A child seeing a zebra for the first time and calling it a horse. The child assimilates this
information into her schema for a horse. When the child accommodates information, she
takes into consideration the different properties of a zebra compared to a horse, perhaps
calling a zebra a horse with stripes. When she eventually learns the name of zebra, she has
accommodated this information.
Assimilation is like adding air into a balloon. You just keep blowing it up. It gets bigger and
bigger. For example, a two year old's schema of a tree is "green and big with bark” - over
time the child adds information (some trees lose their leaves, some trees have names, we
use a tree at Christmas, etc.) - Your balloon just gets full of more information that fits neatly
with what you know and adds onto it.
When a child learns the word for dog, they start to call all four-legged animals dogs. This is
assimilation. People around them will say, no, that's not a dog, it's a cat. The schema for
dog then gets modified to restrict it to only certain four-legged animals. That
is accommodation.
A child learns his father is called Daddy, so he calls other males ( e.g. the mailman)

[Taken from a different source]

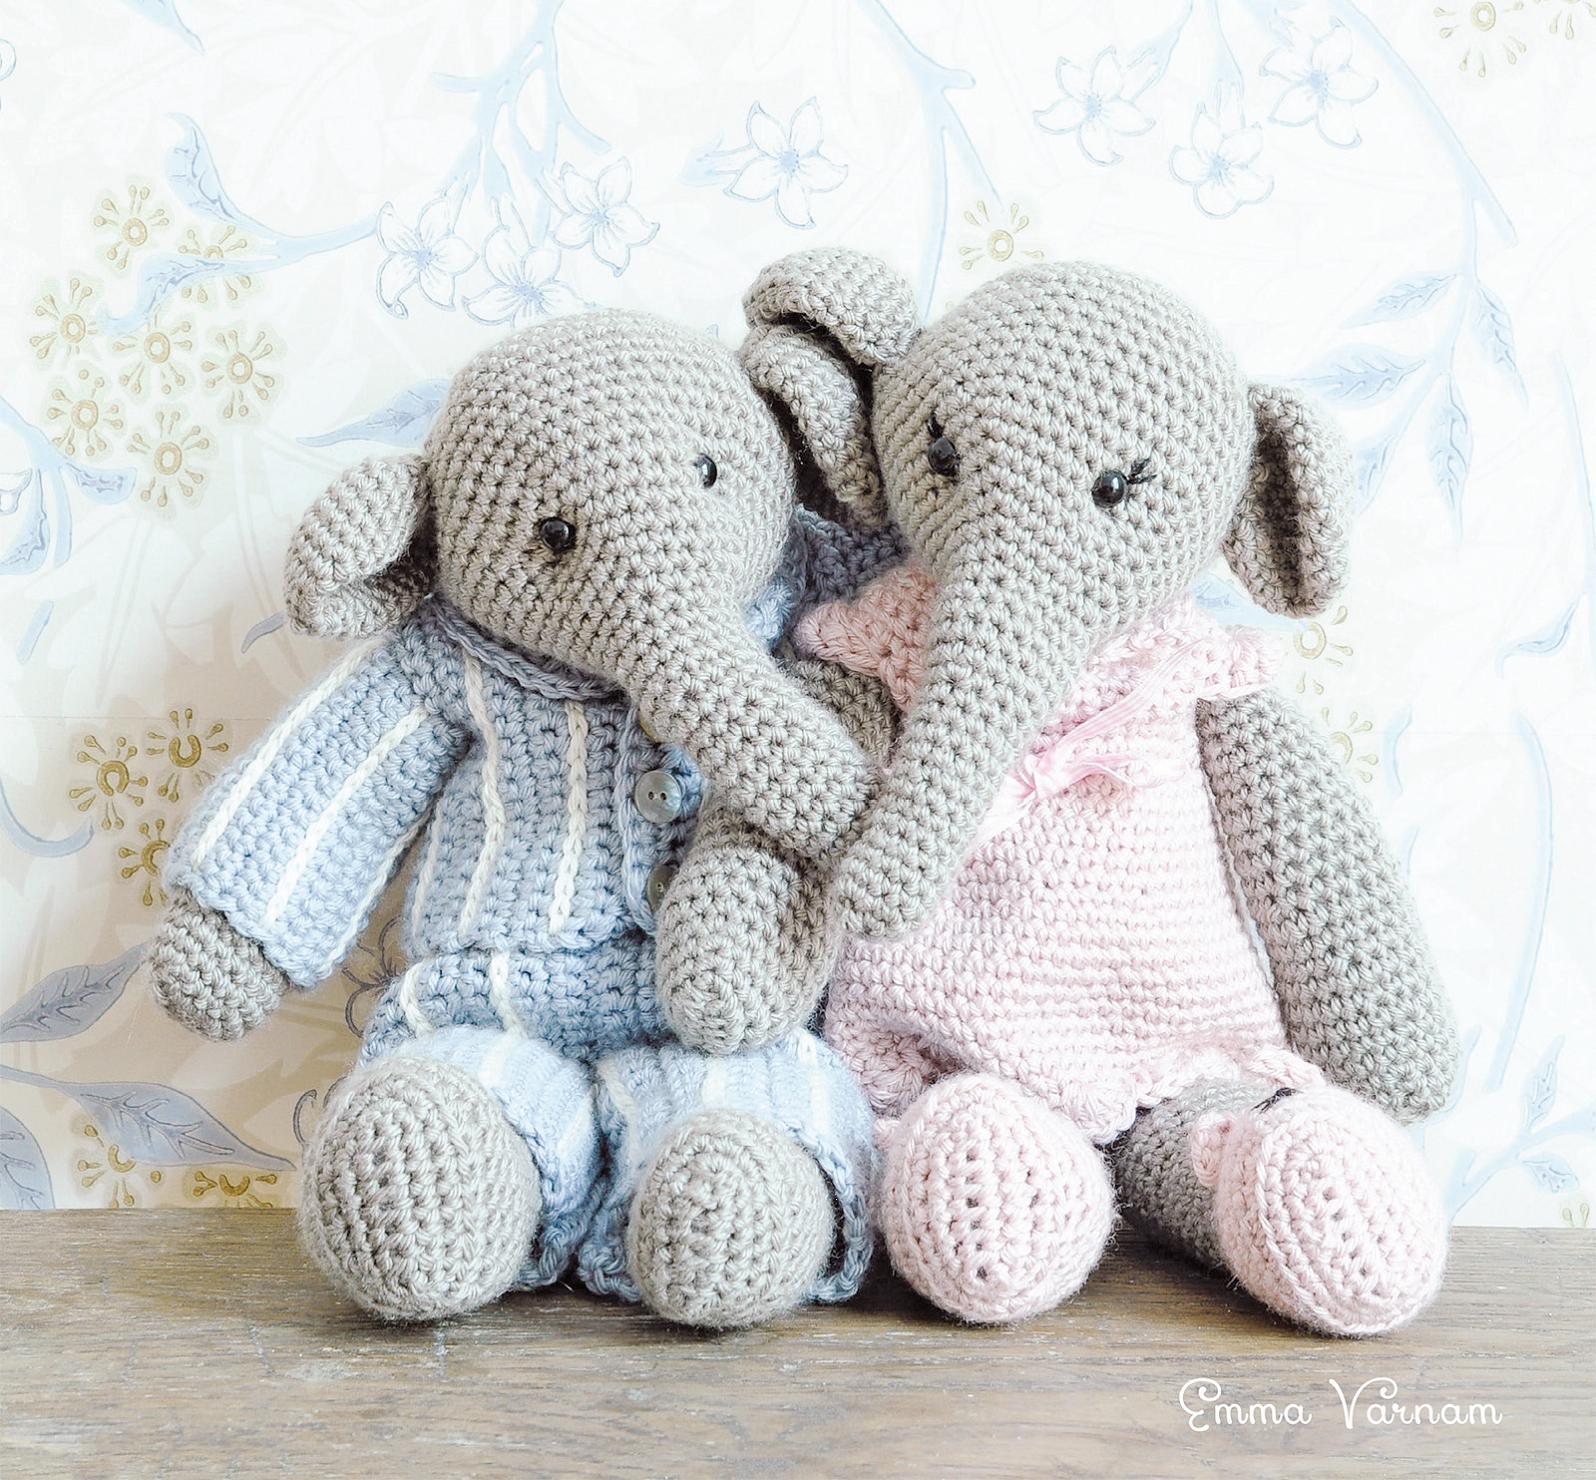 Gustav, Elephant Amigurumi Free Pattern – Free Amigurumi Patterns in 2020 | Crochet  elephant pattern, Crochet bear patterns, Crochet elephant pattern free | 1480x1596

Daddy. This is assimilation. He is quickly told that the other man is not Daddy, he is
_______. Again, the schema for Daddy is modified. This is accommodation.
When I was growing up my parents believed that tattoos were bad, so I created a schema
for people with tattoos. I assimilated such information as "probably rides a motorcycle," "is
dirty," and "probably has been in jail" into this schema during my childhood (because that's
what my parents said). When I got to college, I met a lot of people with tattoos who did not
fit into my schema, and thus had to do some accommodation to accept those people.
WATCH: http://video.about.com/psychology/Jean-Piaget-s-Cognitive-Child-DevelopmentTheory.htm#vdTrn
My own son, then 3 years old at the time. We were out shopping and three trucks
drive by, two 18-wheelers, and a smaller truck. "Look", my son says, "a daddy truck, a
mommy truck and a baby truck." Is this assimilation or accommodation? Explain why.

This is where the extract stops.